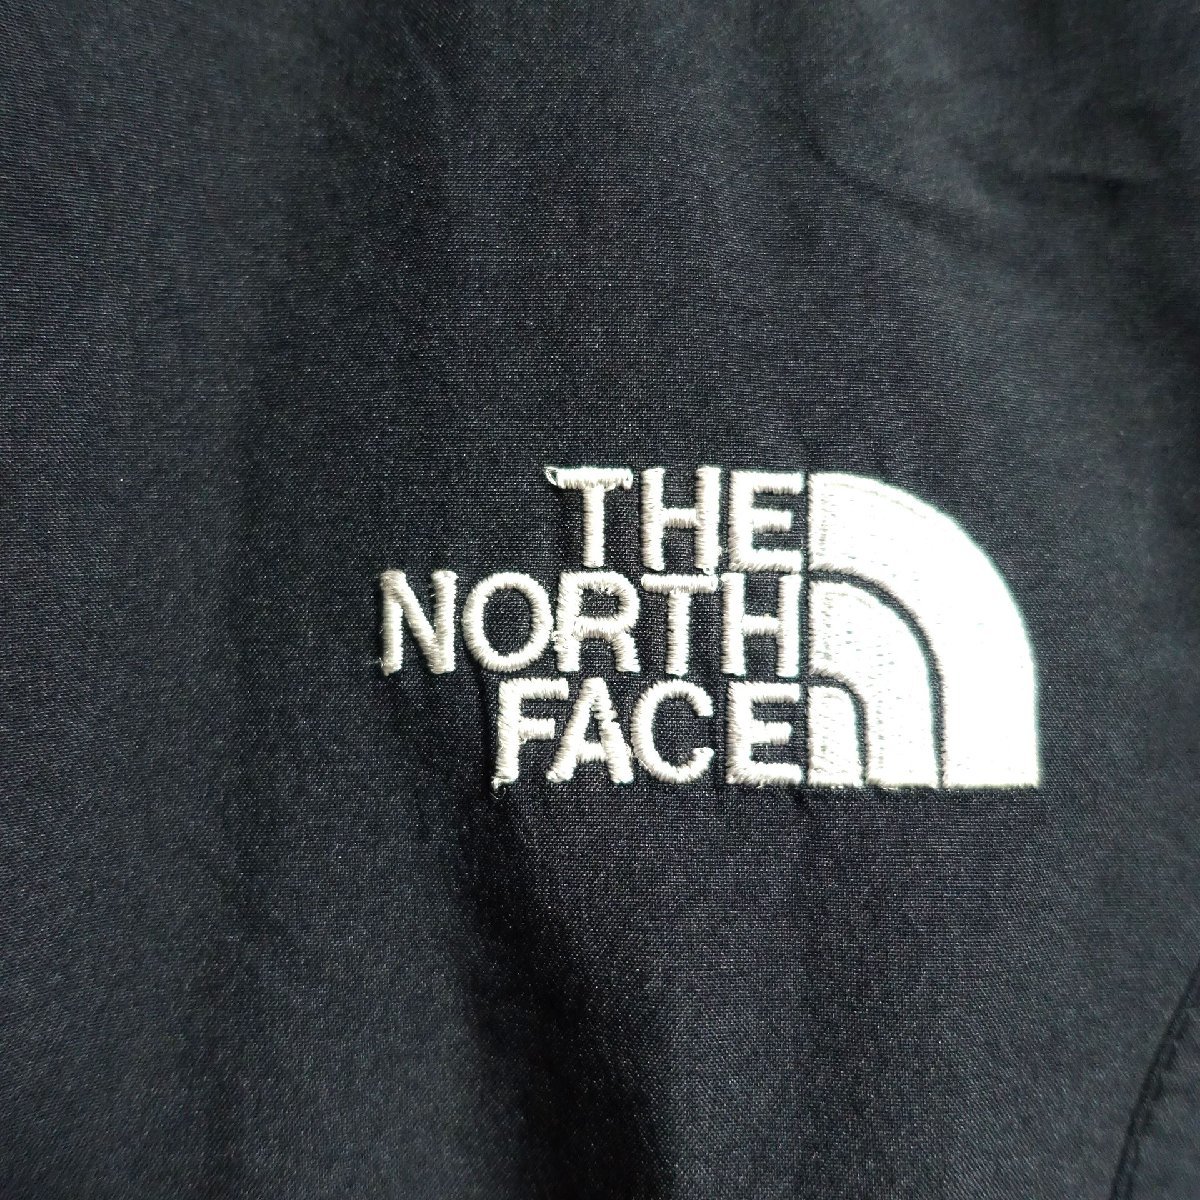 THE NORTH FACE ノースフェイス ゴアテックス GORE-TEX マウンテンパーカー メンズ Mサイズ 正規品 ブラック A4757_画像4
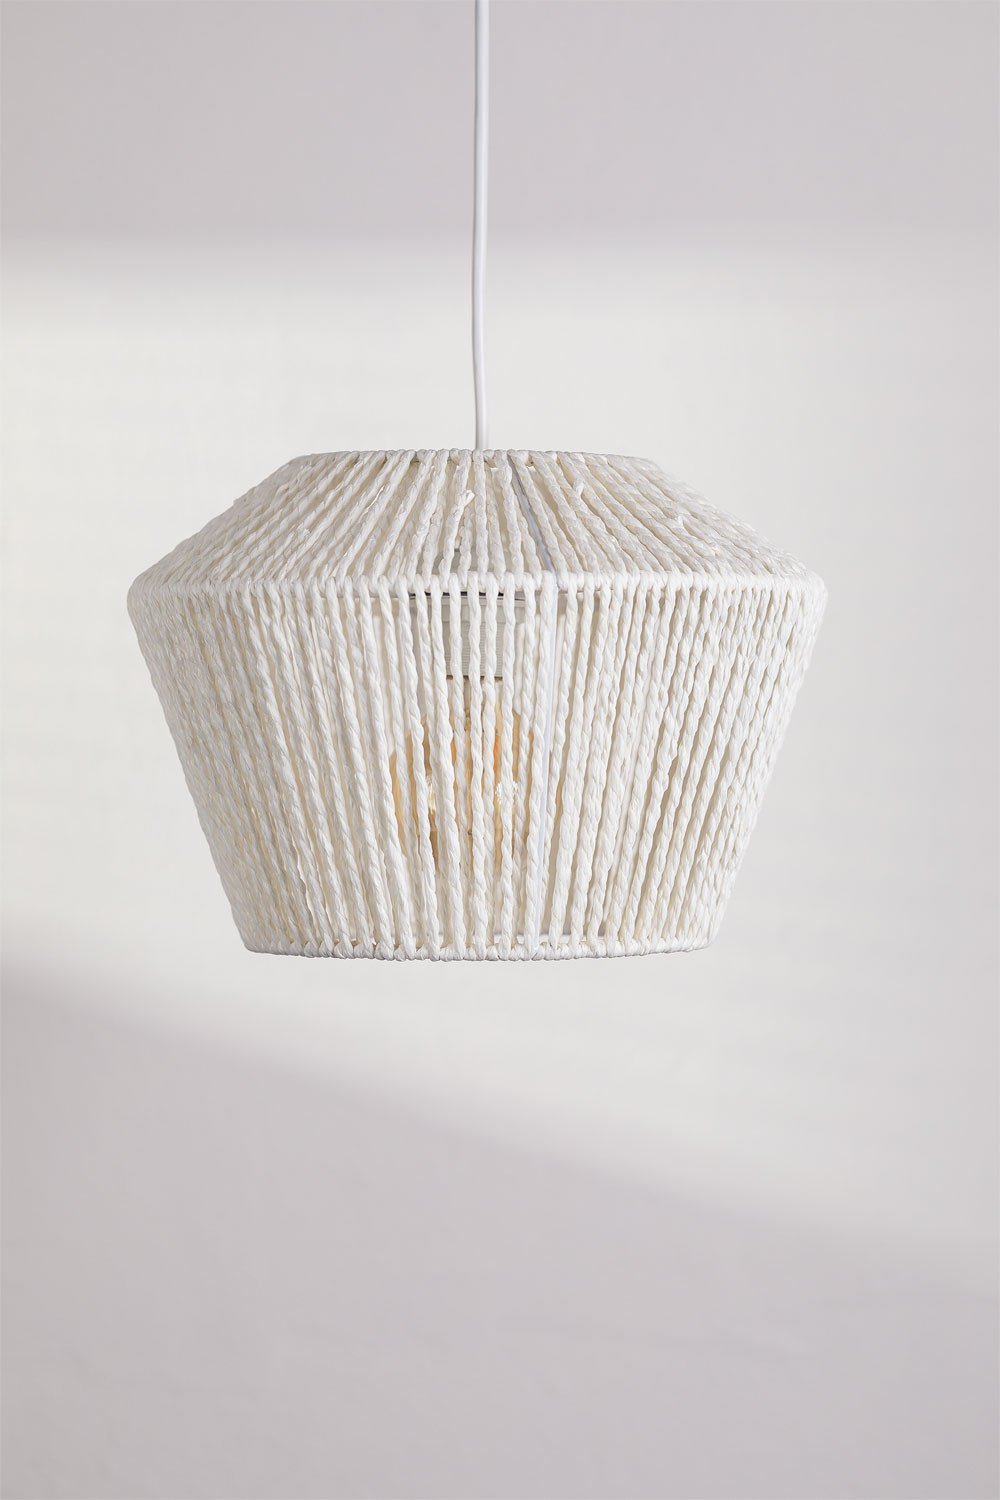 Lámpara de techo elaborada con trenzado de papel.
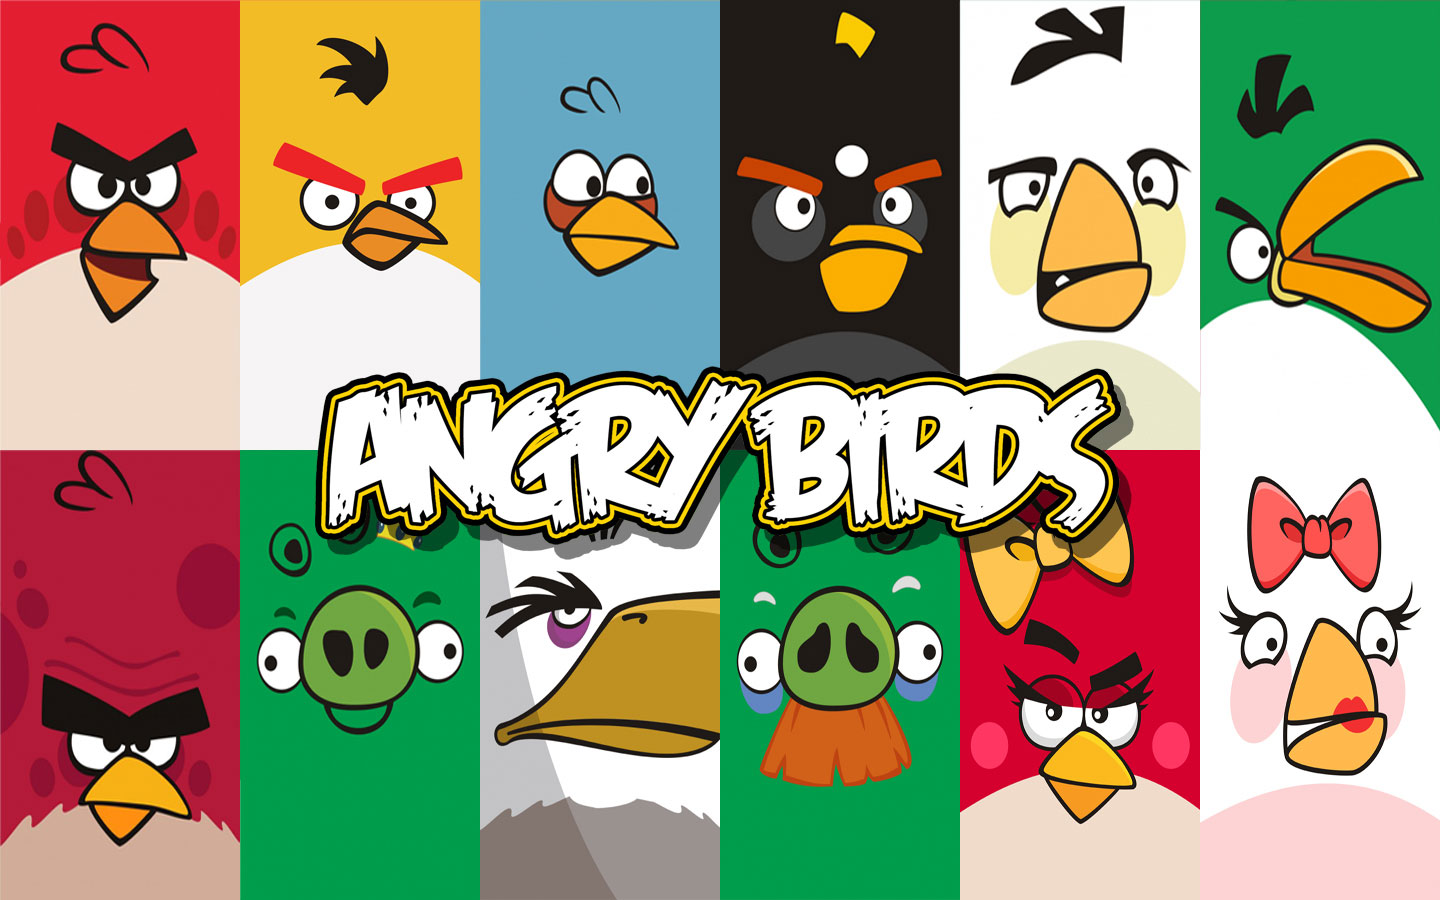 Arte: Game Angry Birds vai ganhar parque temático no Brasil

___

What you have to do:
Your task is to write out, exactly and without pictures, only the lines from the one holding "Lámpara de techo" to the last line of the data.

Completed task:
 Lámpara de techo elaborada con trenzado de papel.
 Arte: Game Angry Birds vai ganhar parque temático no Brasil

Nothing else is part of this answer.